Residents of both counties were given the order. evacuate, more than 90 buildings were destroyed and the Holiday Spirit Parade scheduled for Saturday

The Ventura County Fire Department said on Twitter that teams were working "long hours on extremely steep, dry terrain and rugged, full of fuel stressed by drought. "

Hills devoured around Ojai, a small interior town dotted with villas and known for its music festival. Fire crews worked all night in the wooded hills of the Ojai Valley in the midst of gusts of wind.

"They are surrounded by fire," said Captain Pinzon at Ojai

the fire had created unsafe air quality levels in the region. Ojai who were "out of the cards", and suggested that residents stay inside with the windows closed

In Bel-Air, a chance to return home

Thursday At night, several local and state officials said they were encouraged by the improved conditions in the city and Los Angeles County. As a result, officials have announced that some Angelenos would be allowed to return home from Thursday night.

The goal in the Bel-Air Hills was to dig hot embers and cool hot spots that could easily ignite. It was easy to see how fast the neighborhood could go up in flames: the sprawling properties in the narrow streets were surrounded by towering elms and bitterly dry pine needles. Blackened embers of tree trunks had tumbled – one had hit a firefighter and burned his neck.

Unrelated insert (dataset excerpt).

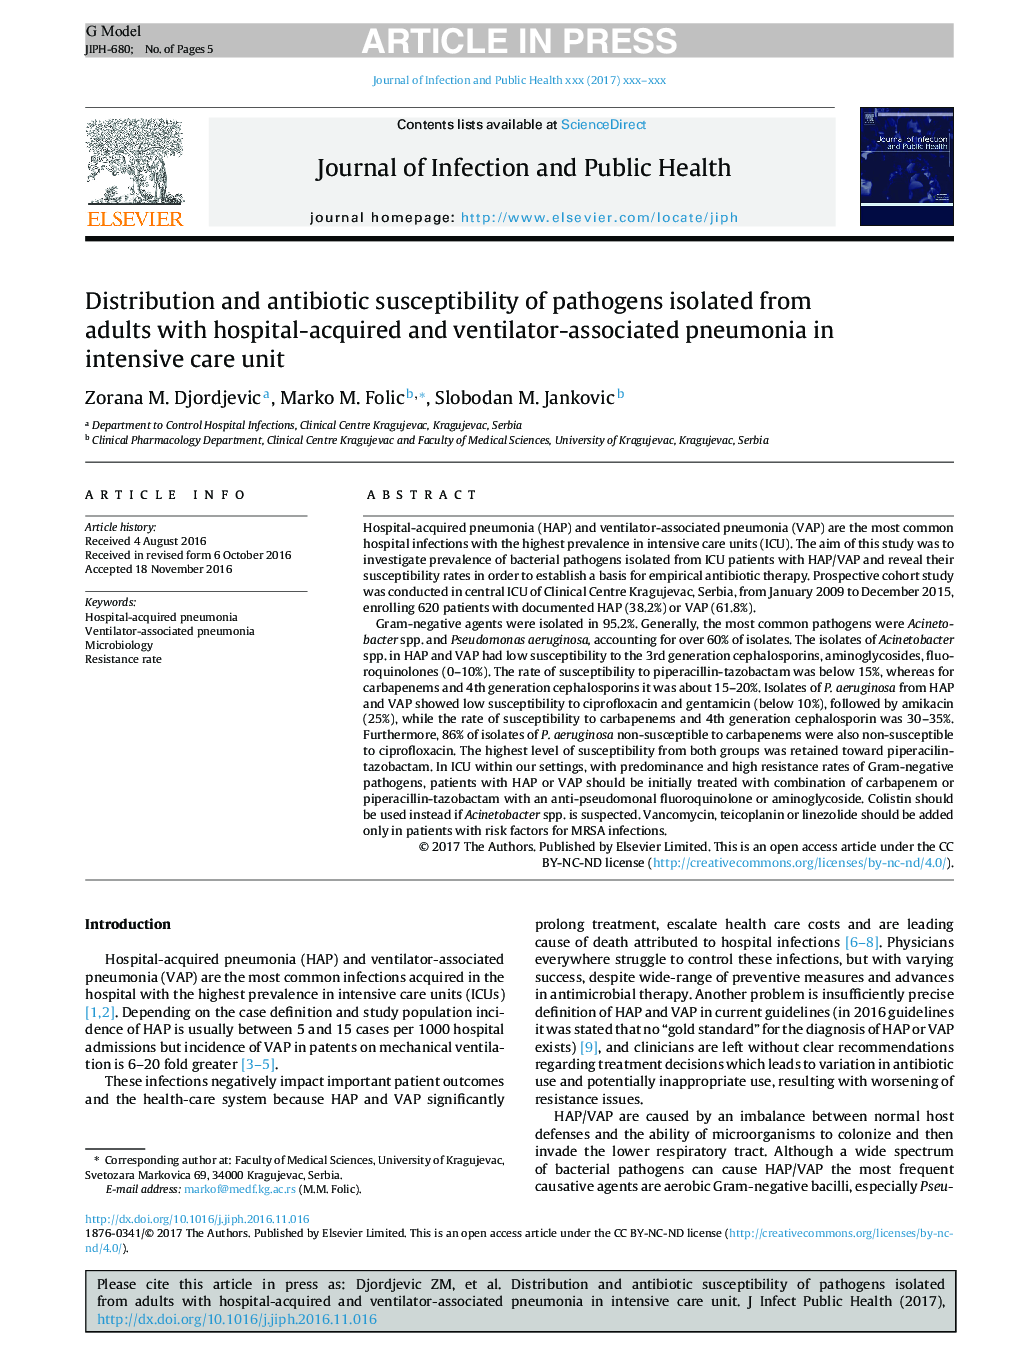 Distribution and antibiotic susceptibility of pathogens isolated from adults with hospital-acquired and ventilator-associated pneumonia in intensive care unit

Many of the iron gates that protected the mansions had been broken by firefighters who had to go to the slopes. below. Some aisles were covered with splash of rose from the flame retardant that had been spilled by the aircraft.

Capt. Brian Ferreira, an Oakland firefighter, had helped clean up a hill near a cellar owned by media mogul Rupert Murdoch. While small parcels of the hill and wine storage had suffered some damage, most of the vineyards looked good, he said.

"Rupert will be happy to hear that, he has paid a lot of money for this property," said Hugh Siegman, 71, who lives just above the cellar

Reporters Take on a New Role

Flames ravaged Los Angeles stars in a multi-fire urban battle that could compete with a disaster film plot from a studio. Hollywood, their profession, set aside in the era of applications and integrated navigation, is stimulated by what technology still does not have: human judgment

Journalists have spent days navigating at home and protecting them with tips beyond turning bends.When a road may appear open on an electronic map, it can actually be under the control of A miasma of smoke too painful to breathe.A side street may seem convenient cable, but just out of sight, a fire could fall on the ground.